Da der Ortenau-Stammtisch - nicht zuletzt dank unserer Homepage - auch im Ausland schon Beachtung gefunden hat, konnten wir nun auch bei einem Notfall in Italien helfen.

Ziegenfreunde aus dem Aosta-Tal in Italien wendeten sich hilfesuchend im Internet an ihre deutschen Freunde. Das Problem war recht einfach, aber sehr eilig: Die Ziegenfarm in Italien war bereits verkauft und musste zum 1. September geräumt werden. Von den einst 200 Tieren sollten jedoch 17 Ziegen, die nicht den hohen Ansprüche der kommerziellen Ziegenhaltung entsprachen, getötet werden.
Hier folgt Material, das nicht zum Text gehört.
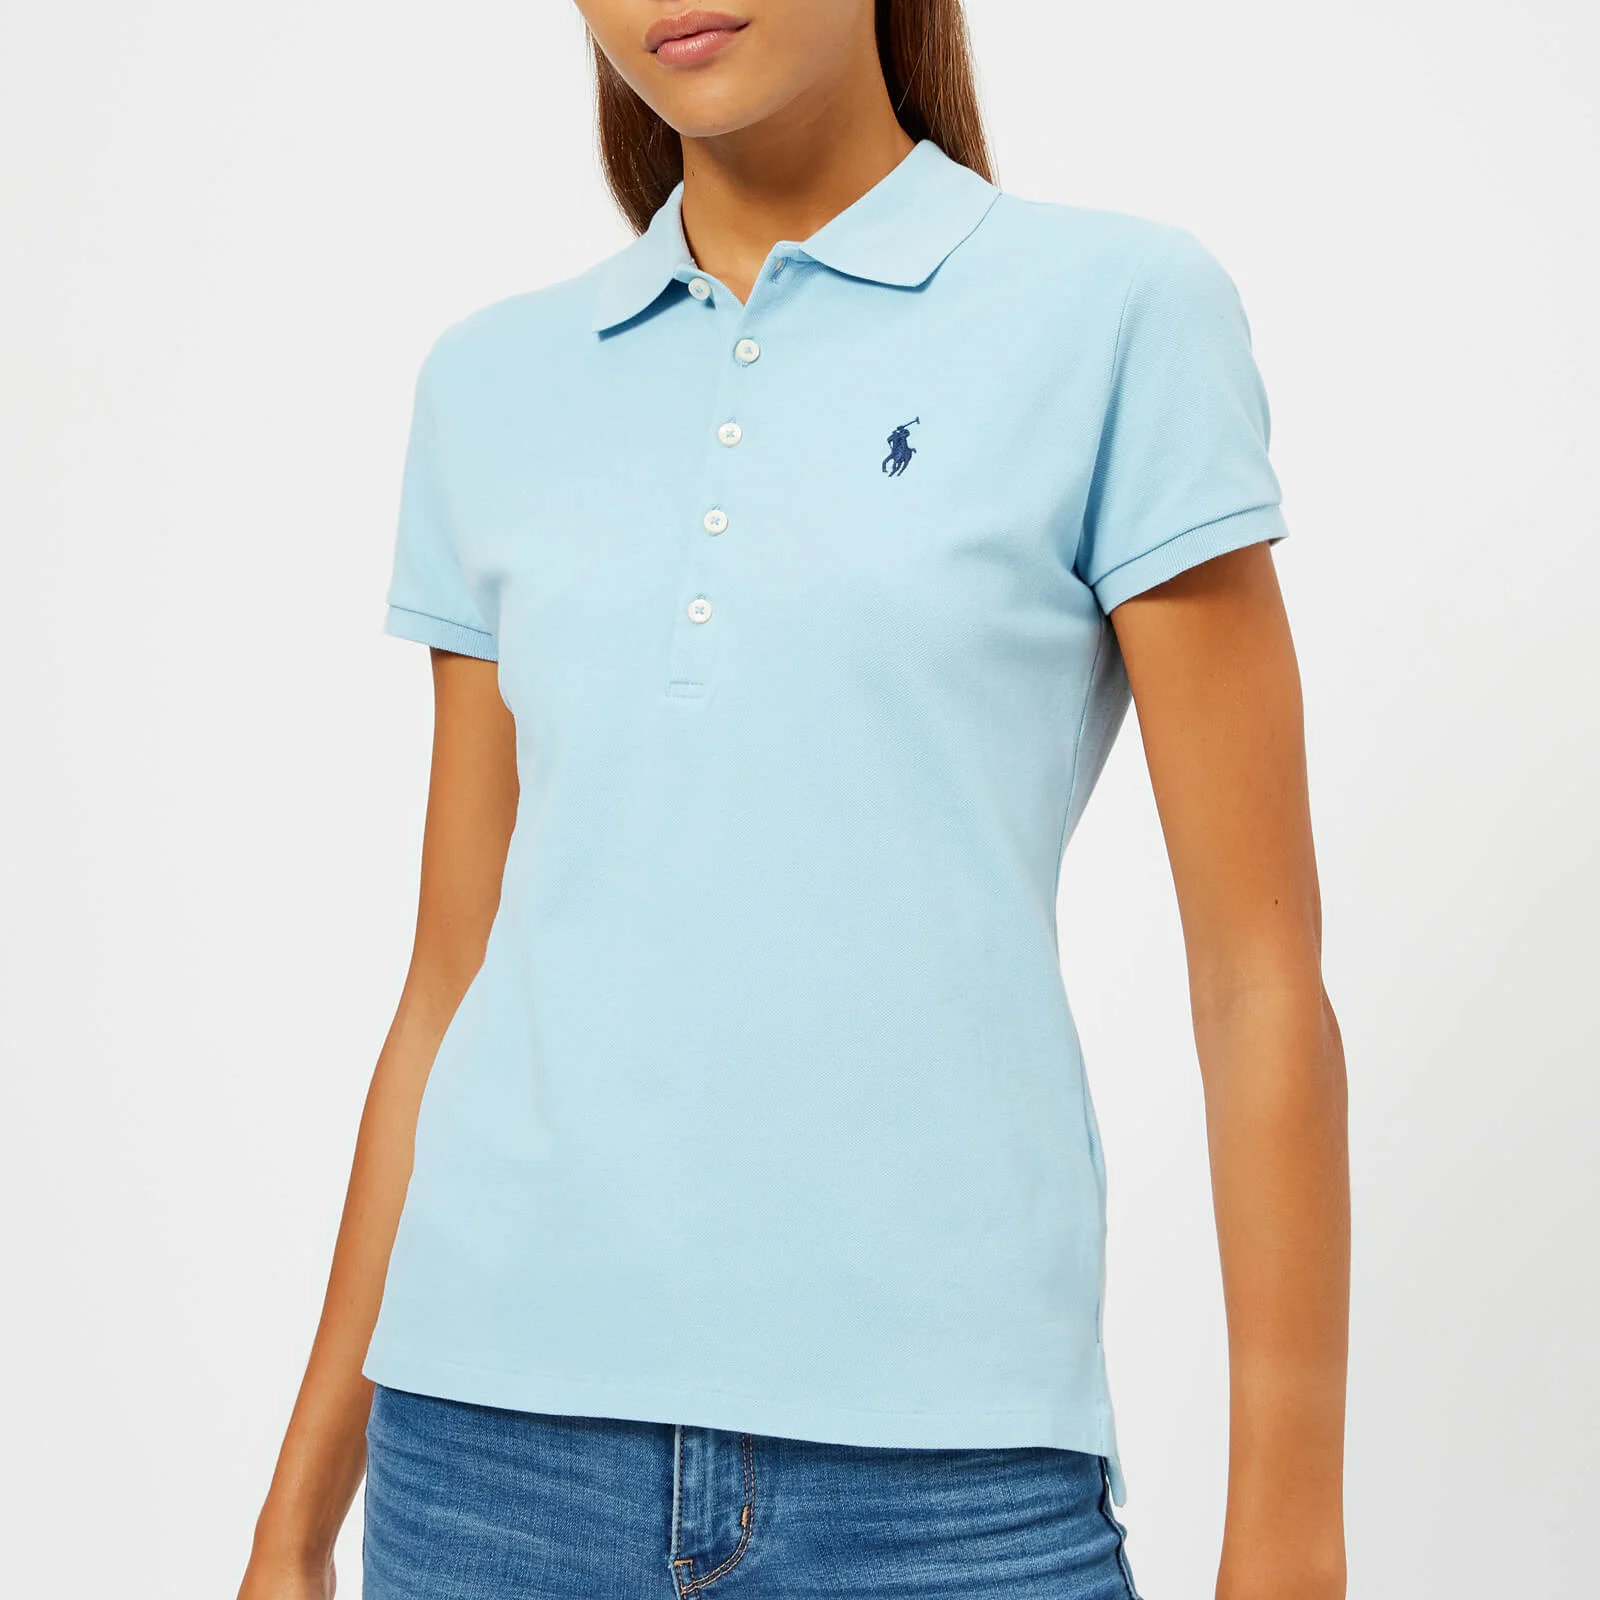 Polo Ralph Lauren Women's Julie Polo Shirt - Light Blue Image 1

Die deutschstämmige Besitzerin Elisabeth suchte daraufhin seit längerer Zeit eine Bleibe in der Nähe ihrer Heimat bei Memmingen, doch dort war für sie und ihre Ziegen einfach nichts zu finden. So wendete sie sich schliesslich an den Ziegen-Treff.

Der Initiator des Ziegen-Treff's, Roger Thal aus Urloffen, traf sich kurzerhand mit den italienischen Tierfreunden und suchte in Oppenau nach einer "tier- und menschgerechten" Unterkunft. Dabei machten sich die guten Verbindungen in das Lierbach-Tal, in dem der Ziegen-Treff auch die Ziegen-Alp mit ins Leben gerufen hat, bezahlt und so konnte mit der Hilfe von Ortsvorsteher Erich Schweiger gleich ein Ortstermin vereinbart werden. Das Ergebnis war die Vermittlung eines leerstehenden Hofes, der nun dank Elisabeth und ihren Ziegen wieder zu neuem  Leben erweckt wurde.
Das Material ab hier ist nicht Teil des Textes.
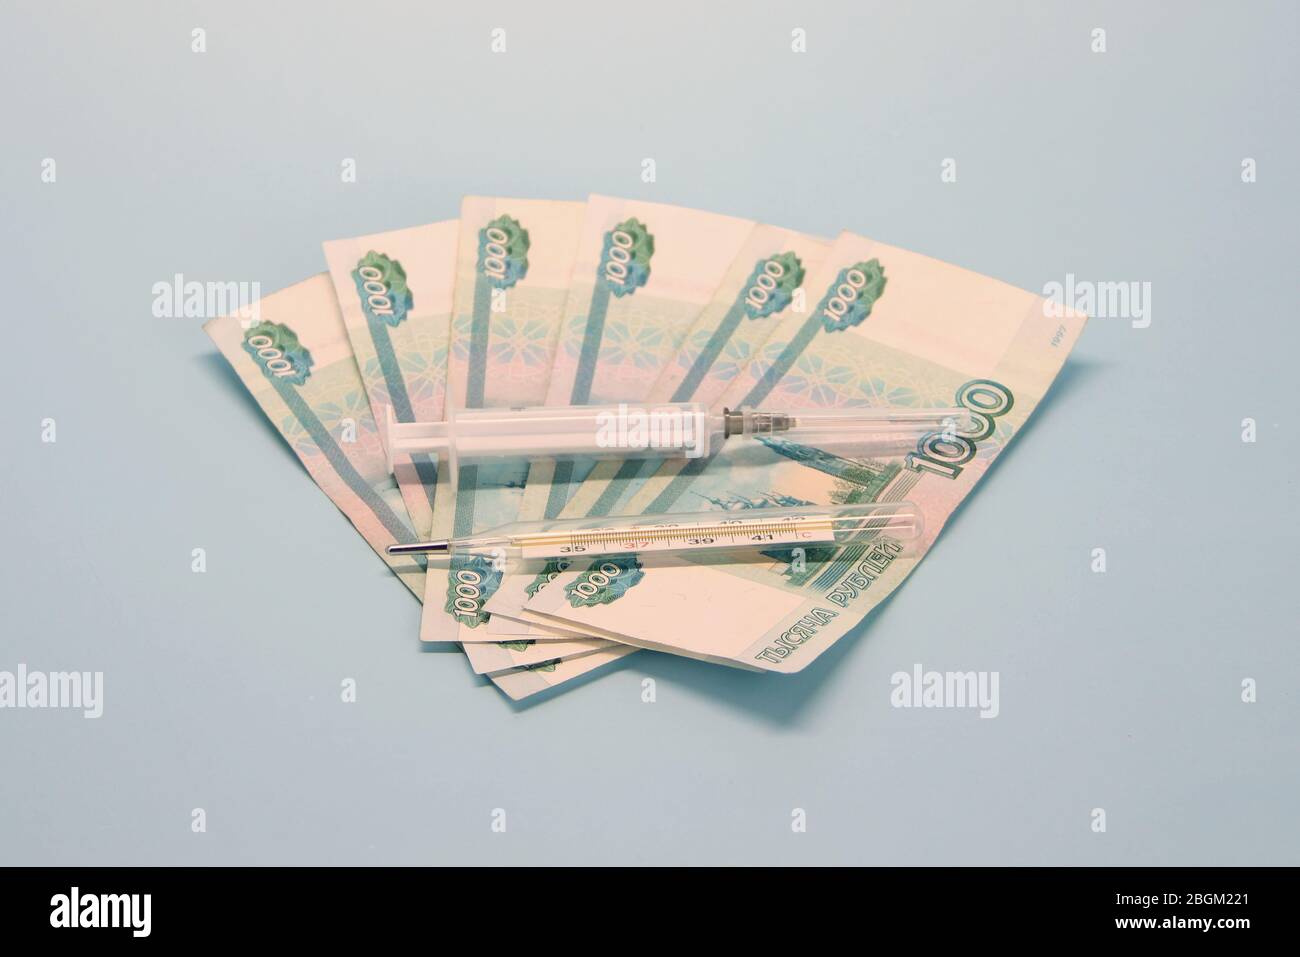 Billetes de papel moneda rusos de mil rublos denominados en un fan. La jeringa y el termómetro se encuentran en la parte superior. Foto de stock

Der Transport der Tiere war allerdings eine etwas heiklere Sache. Da die Fahrt von Italien durch die Schweiz mit einem längeren "Papierkrieg" verbunden gewesen wäre, kamen die Ziegen von Italien über Innsbruck via München und Stuttgart schliesslich und endlich im Lierbach-Tal an.

So fand eine lange Suche und Reise der Ziegen letztendlich doch noch ein gutes Ende. Wir alle heissen Elisabeth hier in ihrer neuen Heimat herzlich willkommen und würden uns freuen, sie in Zukunft bei unseren monatlichen Stammtischen in Appenweier-Urloffen begrüssen zu dürfen.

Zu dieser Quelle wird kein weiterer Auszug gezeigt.